Sir Geoffrey has his opinions on many points, which have differed, and probably do still differ, from mine.

He is high-born, and I of middling parentage only.

He uses the Church Service, and I the Catechism of the Assembly of Divines at Westminster----" "I hope you will find prescribed in neither of them," said the Lady Peveril, "that I may not be a mother to your motherless child.

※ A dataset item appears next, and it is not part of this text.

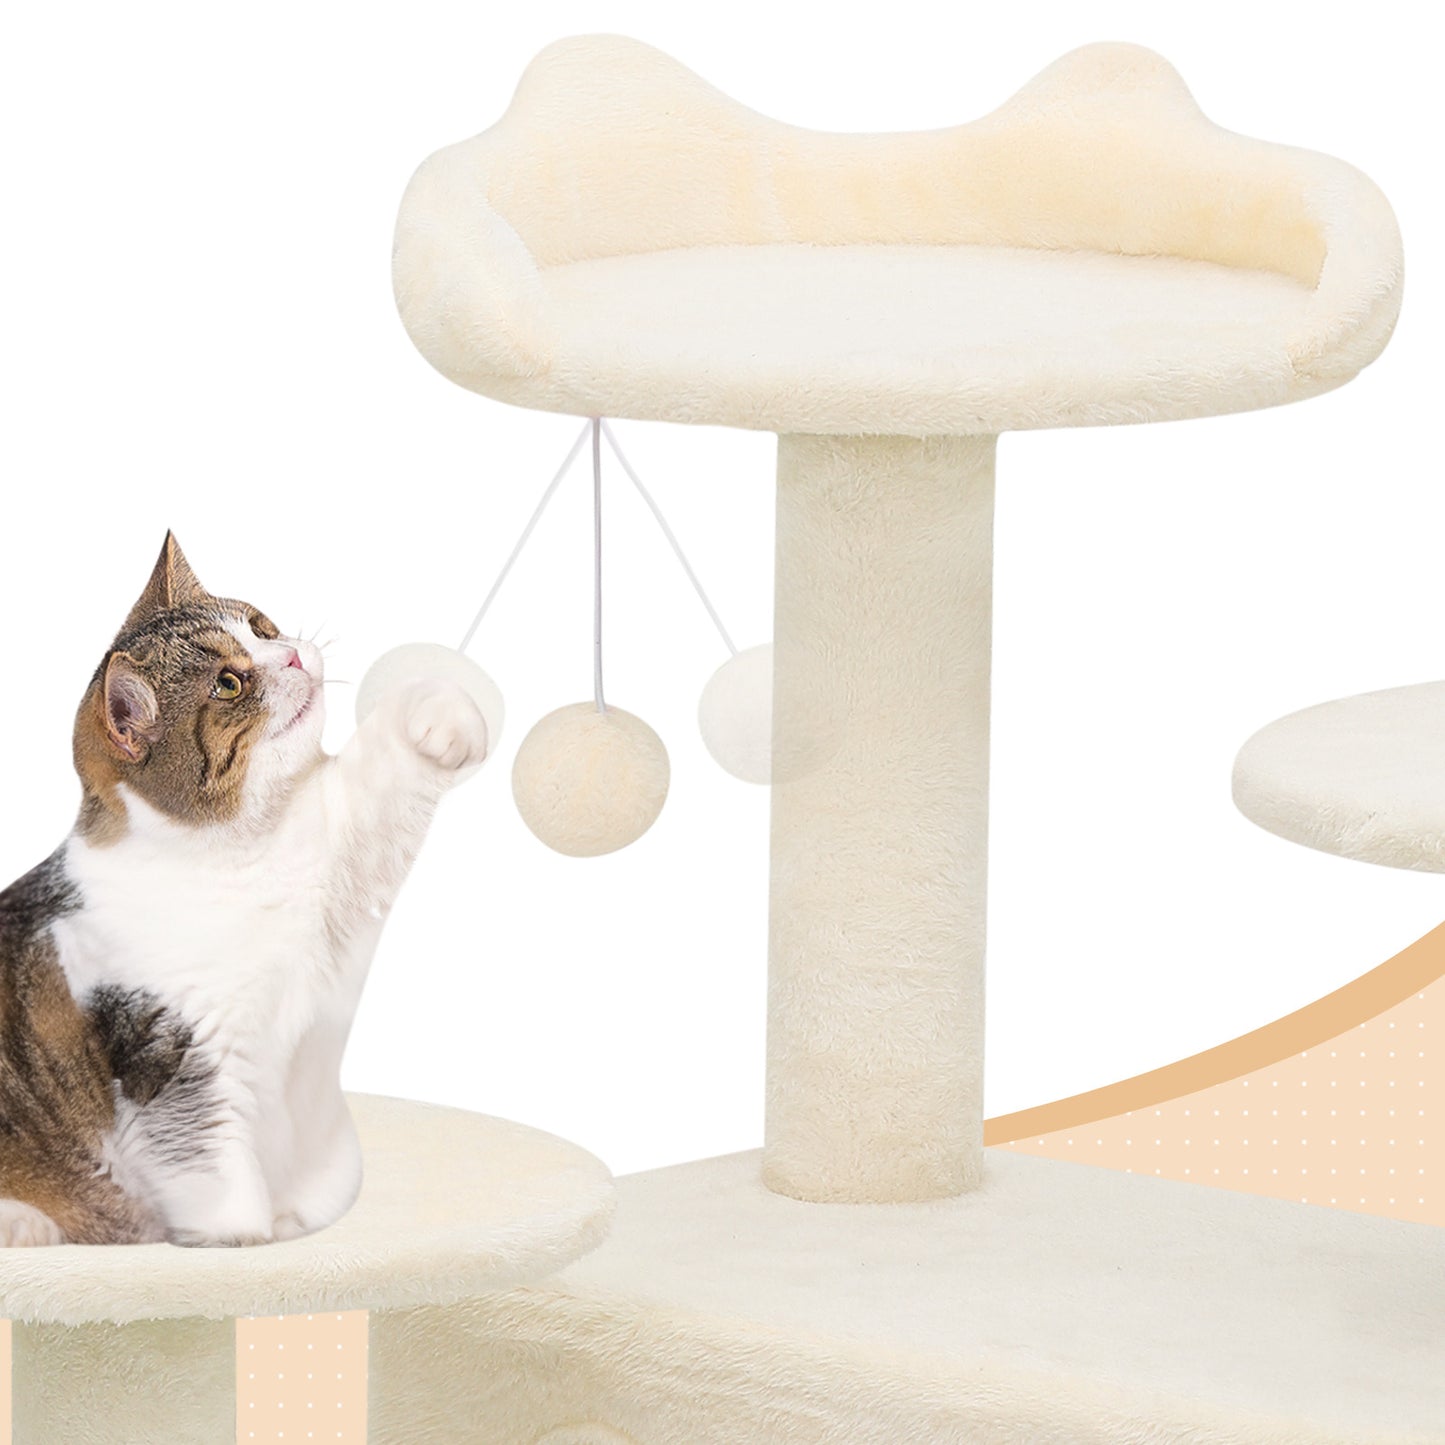 Cat Tree - 70'' Height - w/Anti-Tipping Rope, Fabric Scratching Post

I trust, Master Bridgenorth, the joyful Restoration of his Majesty, a work wrought by the direct hand of Providence, may be the means of closing and healing all civil and religious dissensions among us, and that, instead of showing the superior purity of our faith, by persecuting those who think otherwise from ourselves on doctrinal points, we shall endeavour to show its real Christian tendency, by emulating each other in actions of good-will towards man, as the best way of showing our love to God." "Your ladyship speaks what your own kind heart dictates," answered Bridgenorth, who had his own share of the narrow-mindedness of the time; "and sure am I, that if all who call themselves loyalists and Cavaliers, thought like you--and like my friend Sir Geoffrey"-- (this he added after a moment's pause, being perhaps rather complimentary than sincere)--"we, who thought it our duty in time past to take arms for freedom of conscience, and against arbitrary power, might now sit down in peace and contentment.